I am not from this area and am unfamiliar with resources there. Could anyone post possible rescue groups or foster situations you may know of in the Albany NY area for me to investigate for my client?

Thank you!


----------



## olywhizz (Mar 25, 2014)

Good Luck I hope these cats make it


----------



## 10cats2dogs (Jun 16, 2013)

CatMomNY,
This is one of those times to be doing "FaceBooking!".
Put posters up at vet offices, most vet offices, are open to this!
I hope others have some really good ideas for you!
Blessings on your quest to save these cats!
And to the woman who has now found herself homeless...so sad...
Sharon


----------



## CatMomNY (Sep 19, 2013)

Thanks for the encouragement! I've actually reached out a few vet offices and the Facebook following of a local animal rescue activists/area weatherman. I've had a few leads pop up that I'm currently investigating and verifying.

It really is so sad to see a lack of resources in this area. If I lived closer to this client, I'd have a hard time resisting fostering these guys myself (although my resident kitty would likely have some thoughts on the matter!)...


----------



## spirite (Jul 31, 2012)

While I don't know any rescue groups in Albany, I used to live about 30 mins. north of Albany, in the Saratoga Springs area, and these shelters are all no-kill. I adopted my first cat from Estherville, visited Adirondack Save-A-Stray when looking for my two current kitties, and the people that I met from CDHA were so sweet. They brought their cats to PetSmart some Saturdays (when the local SPCA didn't take up all the space). 

Estherville Animal Shelter, Greenfield 518 893-7451
Adirondack Save-a-stray, Corinth 518 654-6220
Capital District Humane Association, Mechanicville 518 664-1237

While I was looking up their phone numbers, I came across these shelters, though it doesn't look like the first would take more kitties:

Purrfect Companions, Albany 518 463-8709 
Animal Protective Foundation, Scotia 518 374-3944
Mohawk Hudson Humane Society, Albany 518 434-8128

The only other thing I can think of is that your friend might call the local PetSmart and/or Petco and ask if they know other shelters; they may work with some smaller shelters that don't get publicity and aren't well-known.

Good luck to your friend!


----------



## CatMomNY (Sep 19, 2013)

Quick update: SUCCESS!! A rescue group I called then called another group, and they generously have agreed to foster/hold the cats free of charge on a beautiful country farm/animal sanctuary until my client finds a new apartment, and she can come visit the cats anytime she wants during this process.
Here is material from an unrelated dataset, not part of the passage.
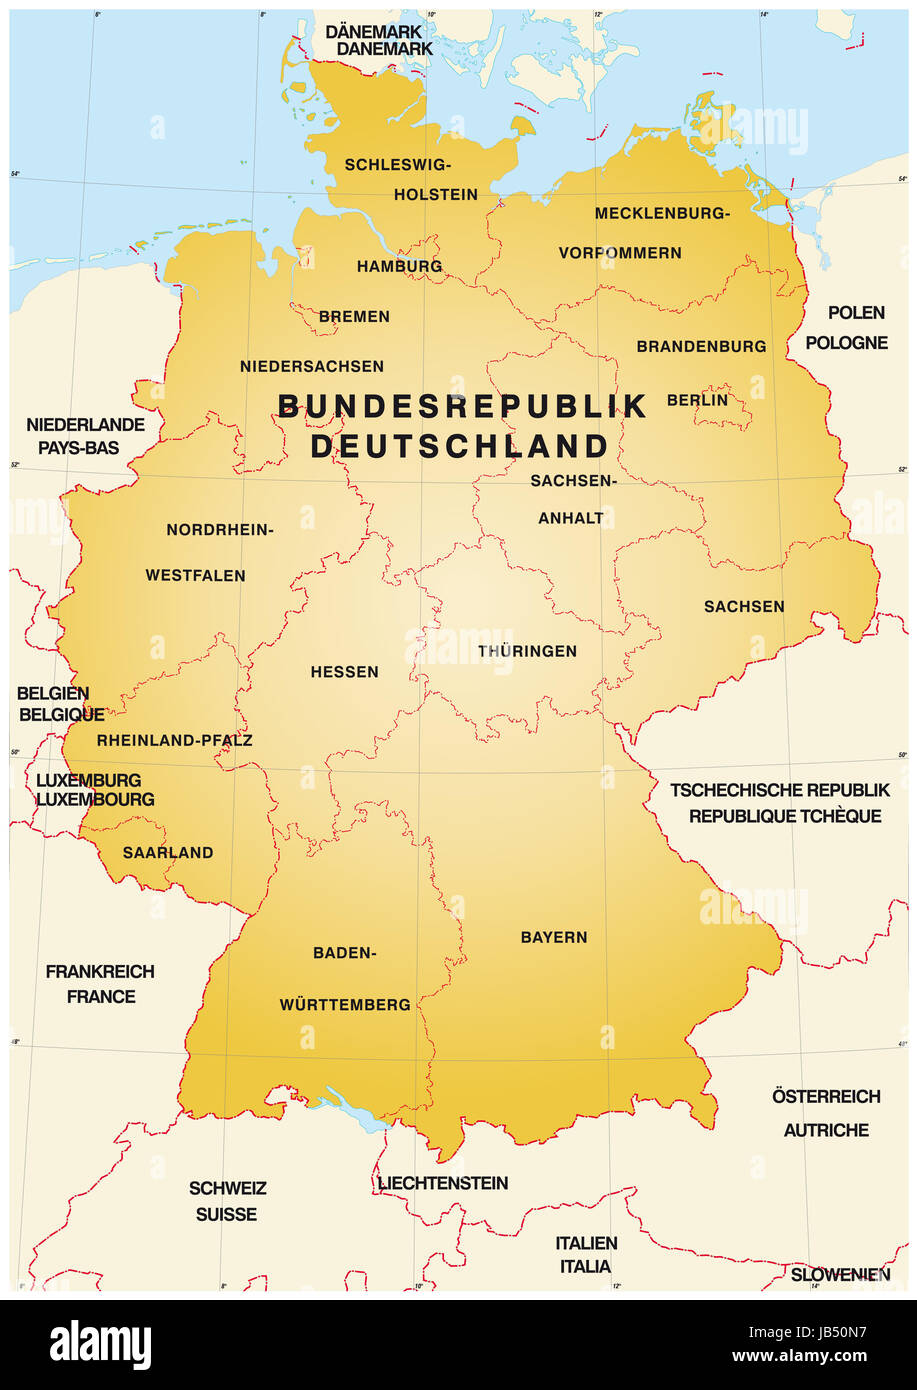 Die Karte Enthalt Die Deutschen Bundeslander Und Die Nachbarlander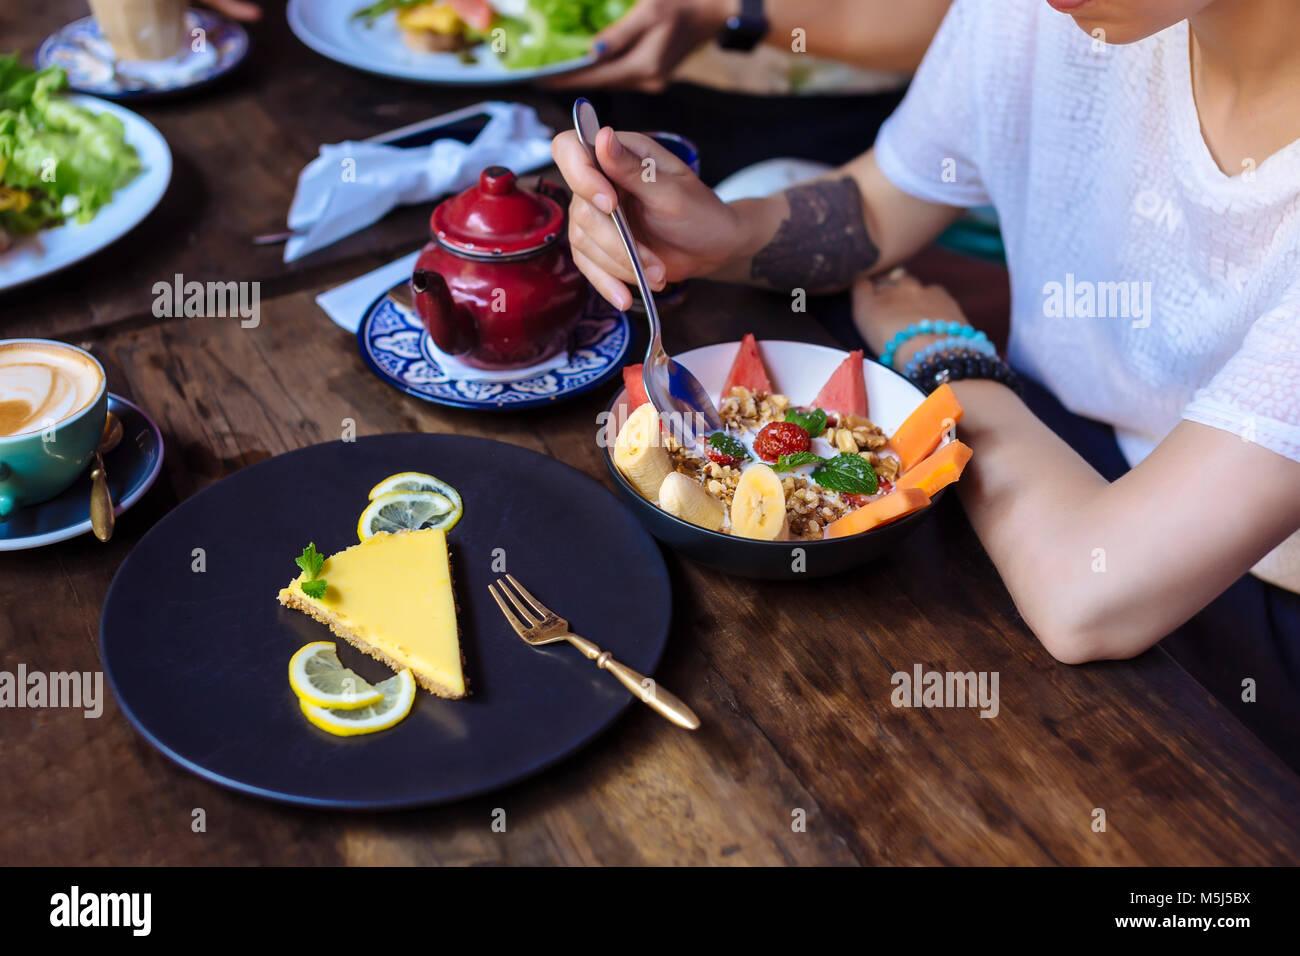 Femme ayant un repas sain dans un café Photo Stock

Thanks for all the ideas and encouragement. So great to see all the love and support for cats that's out there.


----------



## 10cats2dogs (Jun 16, 2013)

CatMom, YAY!! Happy Dance!!
 That's GREAT News!


----------



## spirite (Jul 31, 2012)

Yay! I'm so glad to hear that! There have been so many stories recently where rescue groups couldn't help simply because they were already overwhelmed, so this is great to hear! I hope all works out well for your client and that she is able to get her cats back soon!


----------